╭──

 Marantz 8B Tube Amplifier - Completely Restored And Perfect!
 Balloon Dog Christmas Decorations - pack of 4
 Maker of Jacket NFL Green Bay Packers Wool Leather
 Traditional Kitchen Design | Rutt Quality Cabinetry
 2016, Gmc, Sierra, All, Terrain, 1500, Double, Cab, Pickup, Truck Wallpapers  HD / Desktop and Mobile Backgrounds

╰──

Set down nothing but the lines from the one with "Maker of Jacket" through the end of the records, keeping each line exactly as written and including both ends.

**Response to this task**
 Maker of Jacket NFL Green Bay Packers Wool Leather
 Traditional Kitchen Design | Rutt Quality Cabinetry
 2016, Gmc, Sierra, All, Terrain, 1500, Double, Cab, Pickup, Truck Wallpapers  HD / Desktop and Mobile Backgrounds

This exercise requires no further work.